In most institutions, however, the credit, interest rate and liquidity aspects of balance sheet management are almost always run separately by different committees, for example, the credit committee and the assetliability committee. In some rare instances, some semblance of integrated management may occur, as a result of having a coincident set of committee members, who would be able to convey the decisions and views from one committee to another, but almost never by design. What this results in, is a less than optimal allocation of the institution’s most valuable asset – its balance sheet.
As markets, not just in tradable financial instruments, become more integrated and correlated with one another, an integrated approach to managing the balance sheet becomes a fundamental requirement for a well-run financial institution. This is a task, which by definition, requires the integration of insights on both the longer term risks and the expected returns of different assets, to ensure that assets and capital are allocated in a manner conforming to the institution’s mission, as well as the integration of the financial accounting and economic value perspectives, to ensure that financial control and liquidity are not sacrificed for short term paper profits.

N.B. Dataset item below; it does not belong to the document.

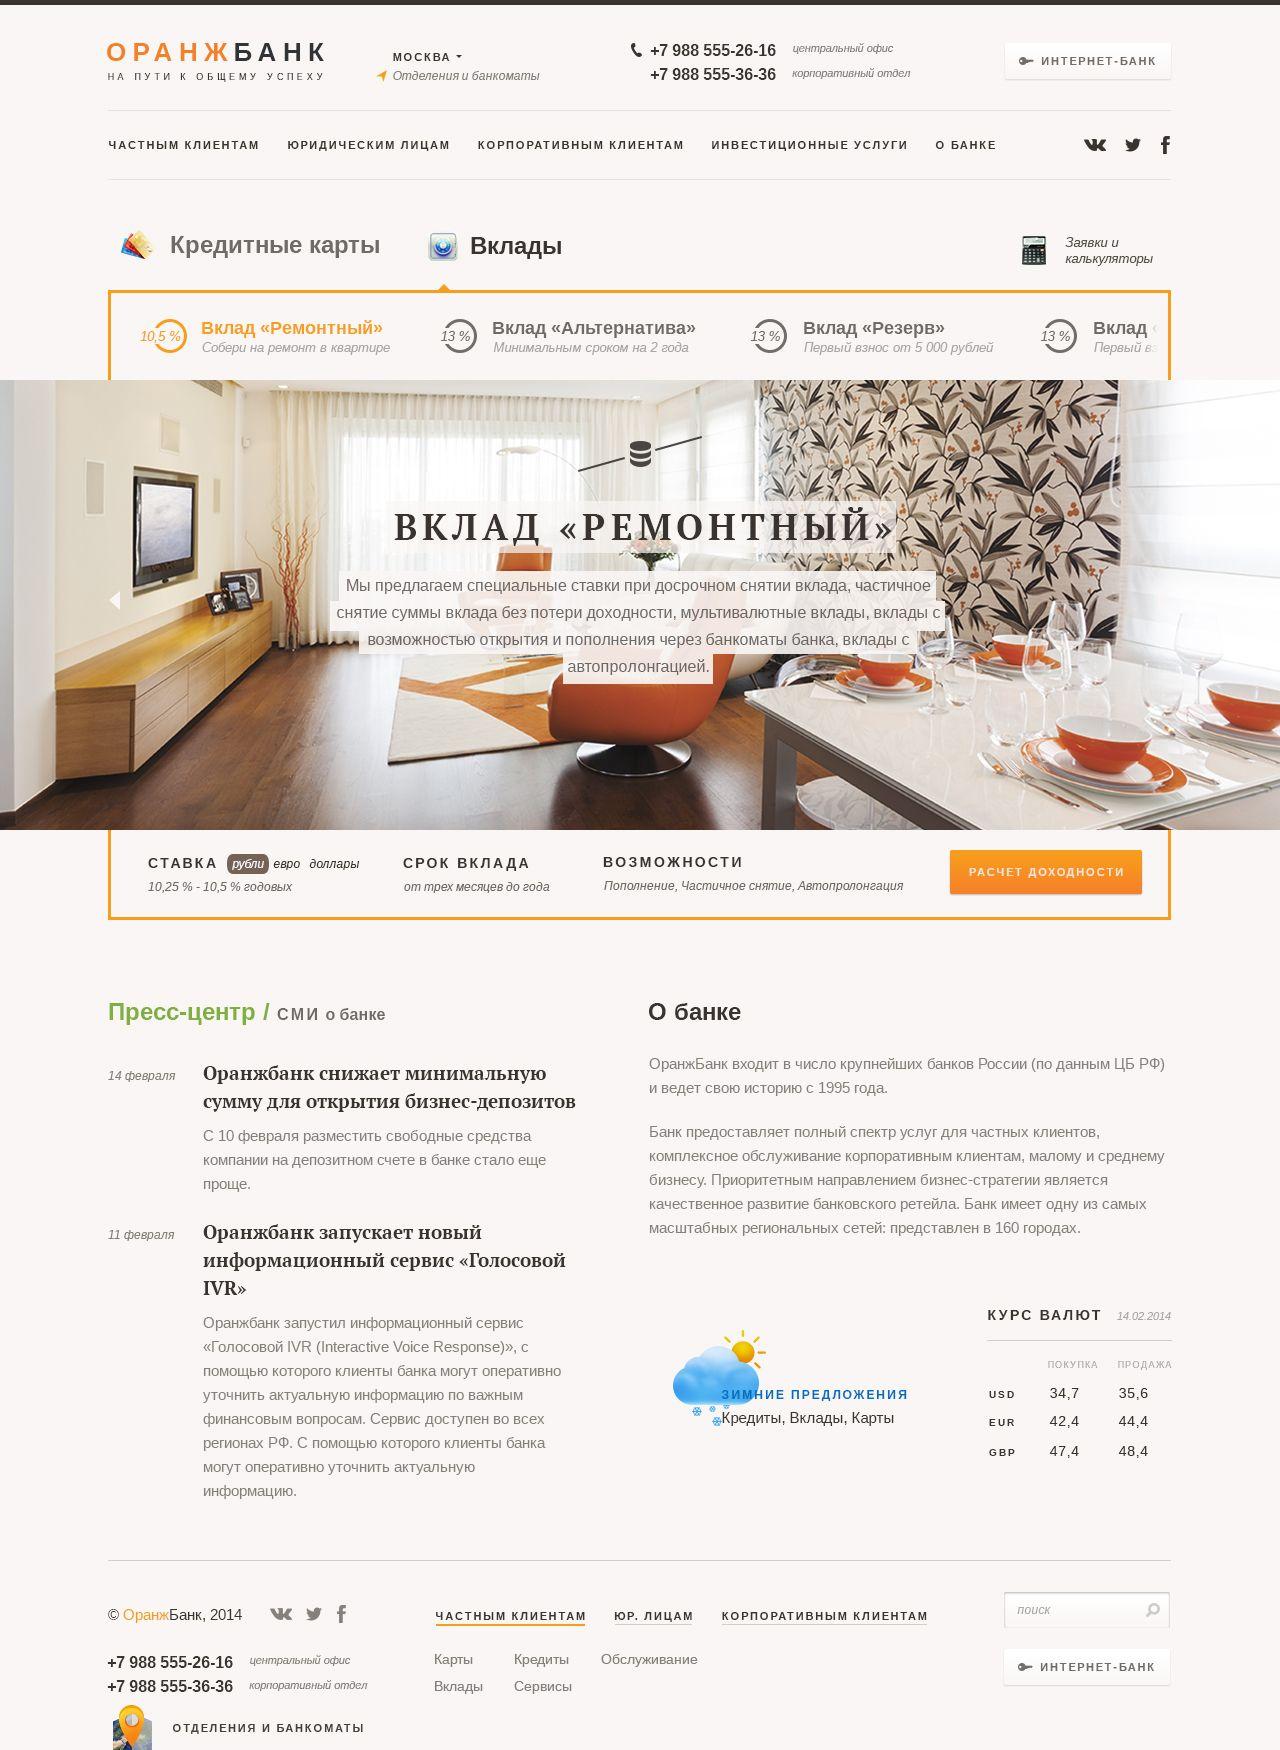 Креативный дизайн Главной страницы Банка - дизайнер skonik

In other words, this requires integrated risk management across the business units, economic and market research, finance, and risk management functions.

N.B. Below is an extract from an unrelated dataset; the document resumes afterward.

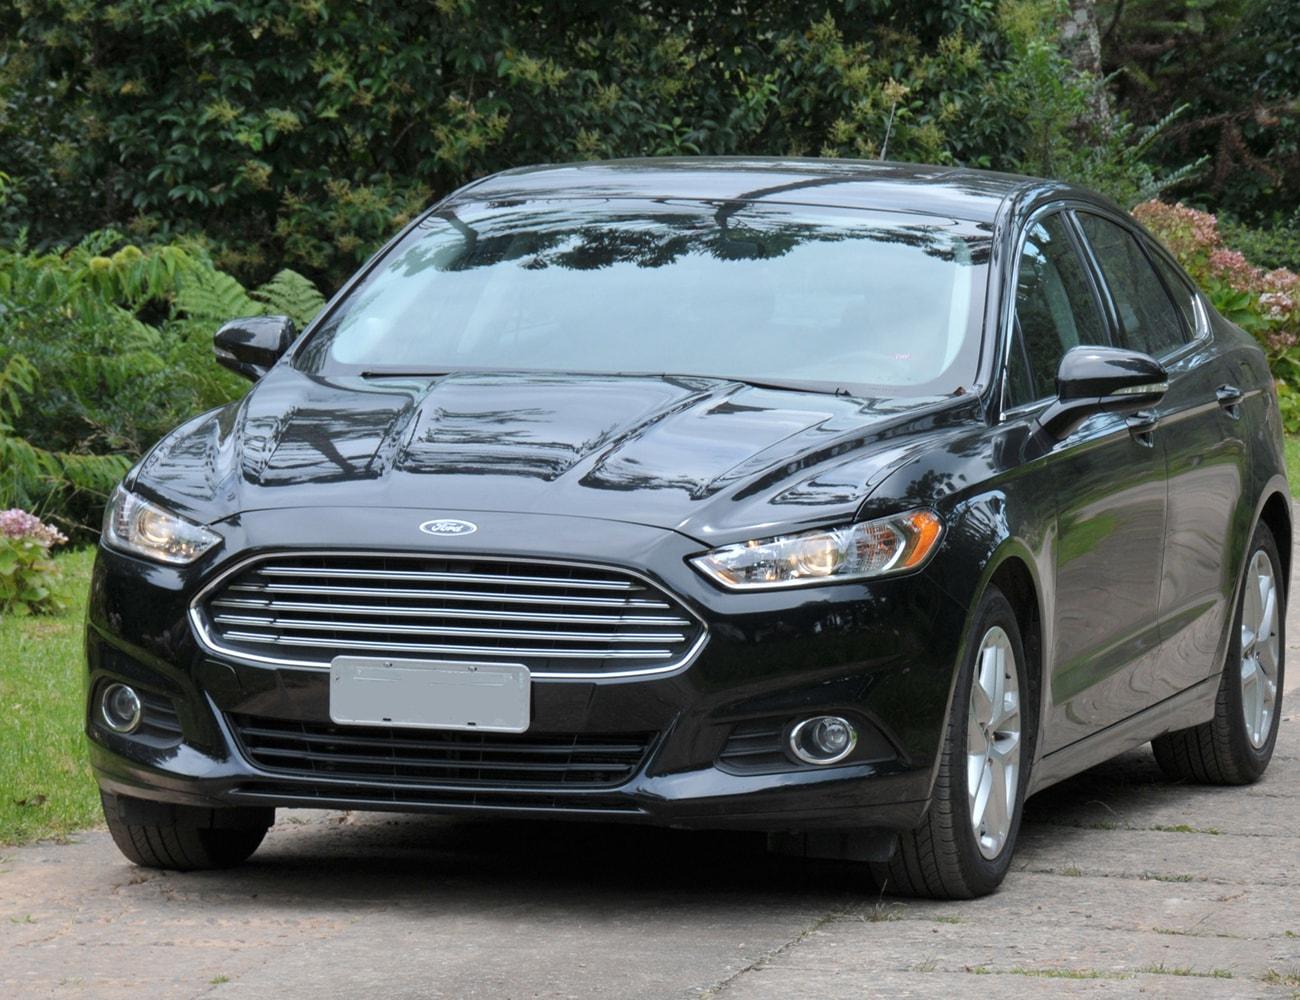 transporte executivo com ford fusion luxo

In integrating risk management, changes need to be made in the way risk management is conducted – working as a partner to the various front, middle and back office departments, rather than being an independent cog in the machine, as a facilitator of differing opinions, rather than being the independent opinion on risk alone.
This approach to integrated risk management reflects the interpretation of the word “integrated”. Opting for a narrow definition means integrating risk measurement and management by enforcing a common set of statistical standards for measurement and management, looking to quantify and aggregate a common 99.9% confidence interval of the loss distribution across risks. Opting for a broader definition of “integrated”, as we have done, means integrating risk management into all aspects of the day-to-day management of the financial institution, using the power of holistic risk measurement and management tools to better structure, mitigate and manage risks, based on a detailed understanding of the risks and return from looking both at the past, the present and indicators of the future.